The reason C++ programmers tend to have to care about sequence points and side effects is that there aren't as many sequence points as you might expect. For example: given x = 1; f(++x, ++x);, you may expect a call to f(2, 3) but it's actually undefined behaviour. This behaviour is left undefined so the compiler's optimiser has more freedom to arrange operations with side effects to run in the most efficient order possible - perhaps even in parallel. It also avoid burdening compiler writers with detecting such conditions.
1.Is comma operator free from side effect?
Yes - a comma operator introduces a sequence point: the steps on the left must be complete before those on the right execute. There are a list of sequence points at http://en.wikipedia.org/wiki/Sequence_point - you should read this! (If you have to ask about side effects, then be careful in interpreting this answer - the "comma operator" is NOT invoked between function arguments, array initialisation elements etc.. The comma operator is relatively rarely used and somewhat obscure. Do some reading if you're not sure what the comma operator really is.)
2.Force compiler to not optimize side-effect-less statements
I assume you mean "side-effect-ful" statements. Compiler's are not obliged to support any such option. What behaviour would they exhibit if they tried? - the Standard doesn't define what they should do in such situations. Sometimes a majority of programmers might share an intuitive expectation, but other times it's really arbitary.

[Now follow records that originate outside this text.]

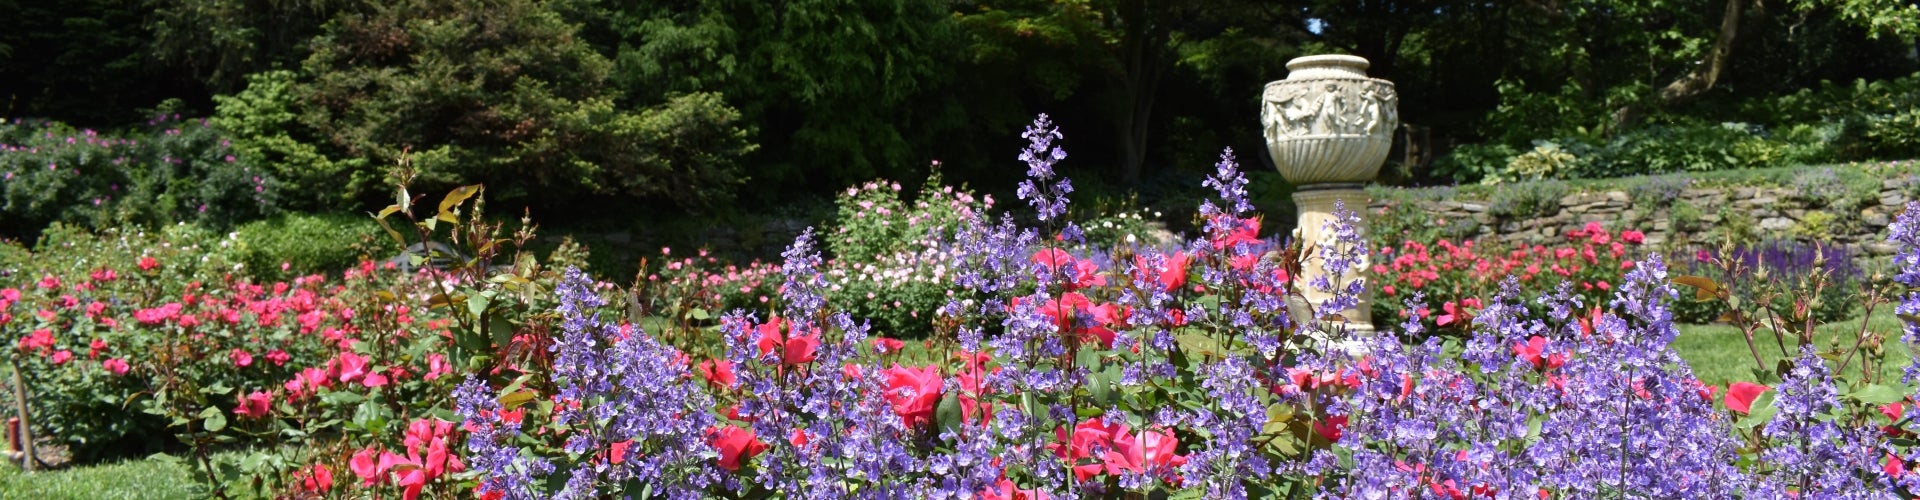 A ceramic sculpture stands to the right of pink rose bushes and purple flowers.
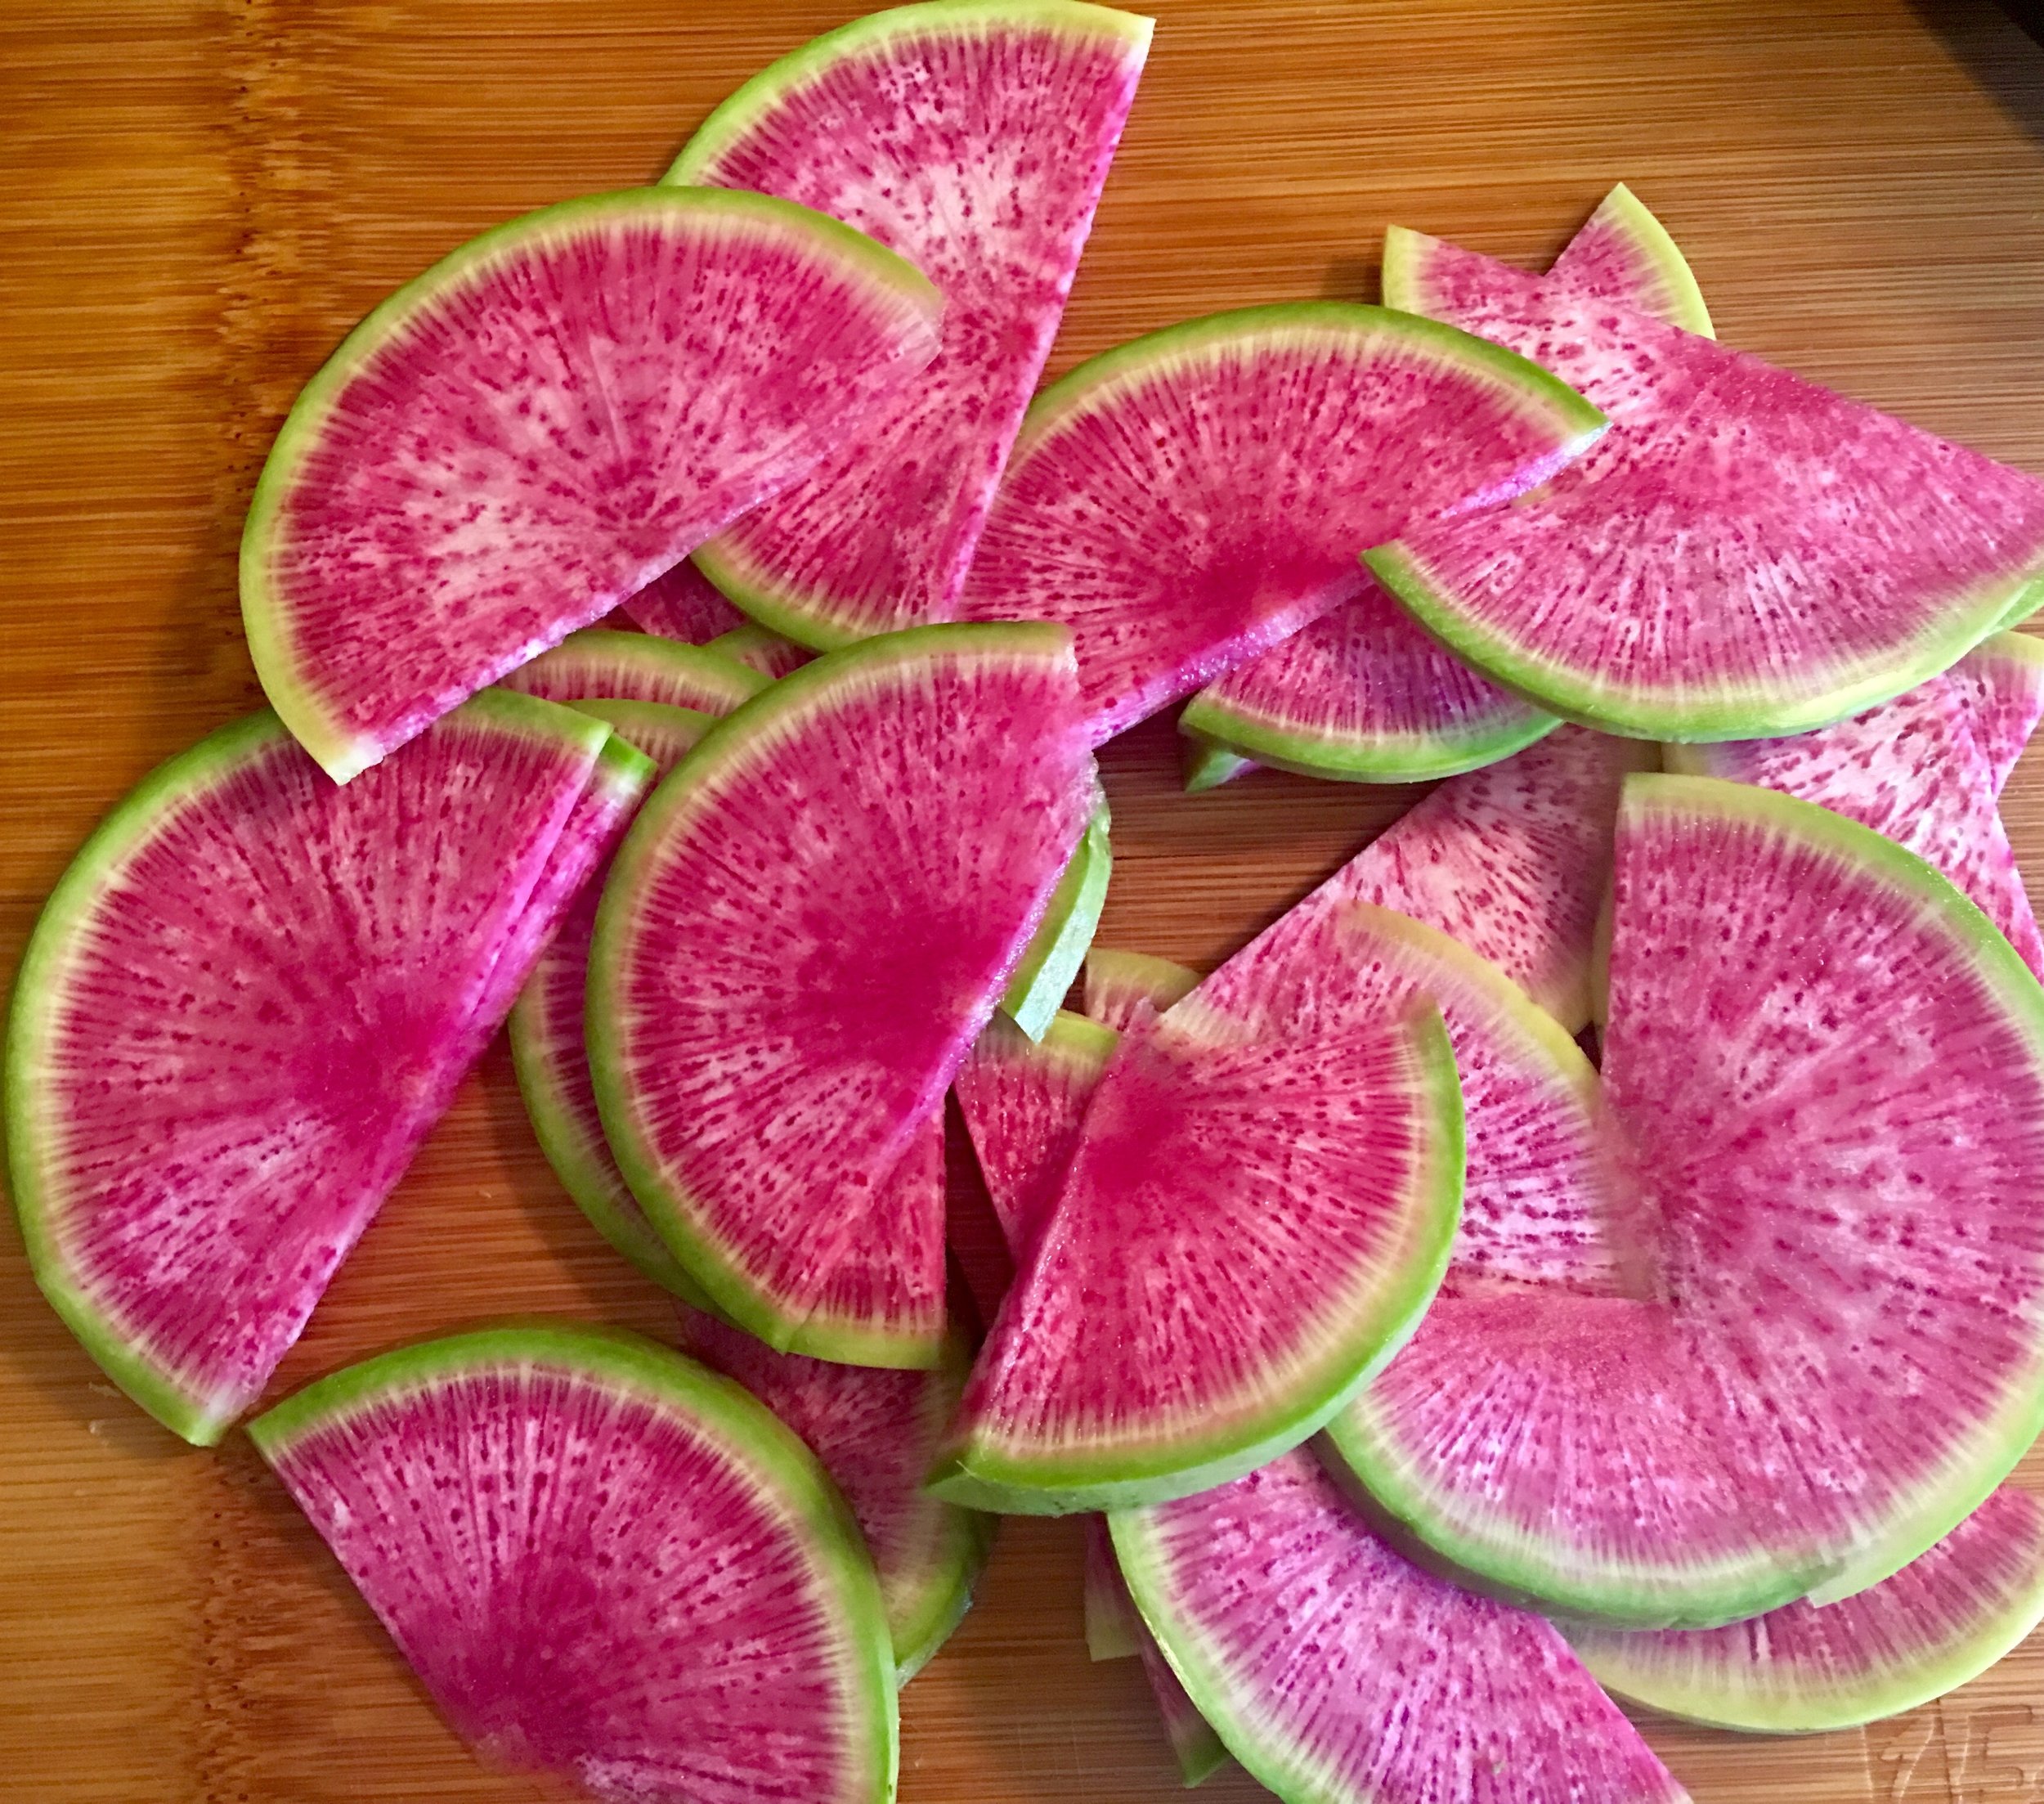 Watermelon Radishes Your Daily Serving
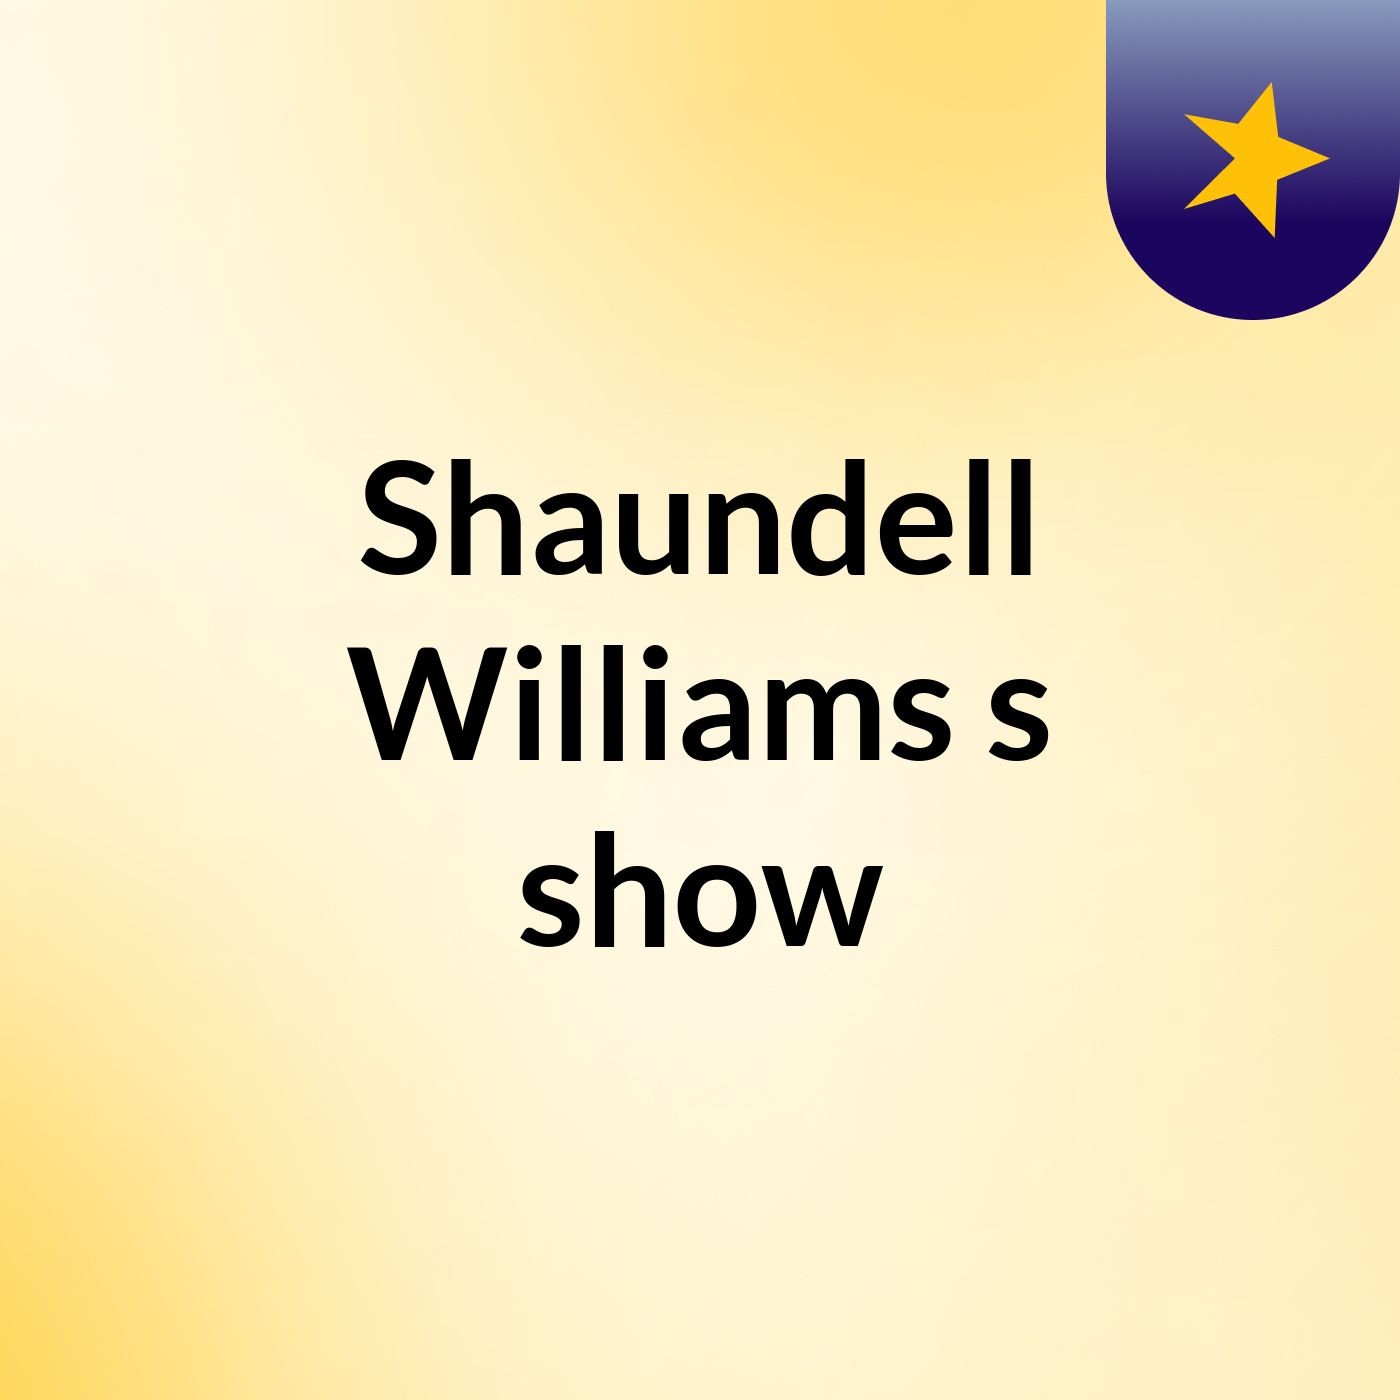 Shaundell Williams's show

3.Side effects when passing objects to function in C++
When calling a function, all the parameters must have been completely evaluated - and their side effects triggered - before the function call takes place. BUT, there are no restrictions on the compiler related to evaluating specific parameter expressions before any other. They can be overlapping, in parallel etc.. So, in f(expr1, expr2) - some of the steps in evaluating expr2 might run before anything from expr1, but expr1 might still complete first - it's undefined.
1.9.6
The observable behavior of the abstract machine is its sequence of
reads and writes to volatile data and calls to library I/O
functions.
A side-effect is anything that affects observable behavior.
Note that there are exceptions specified by the standard, where observable behavior doesn't have to conform to that of the abstract machine - see return value optimization, temporary copy elision.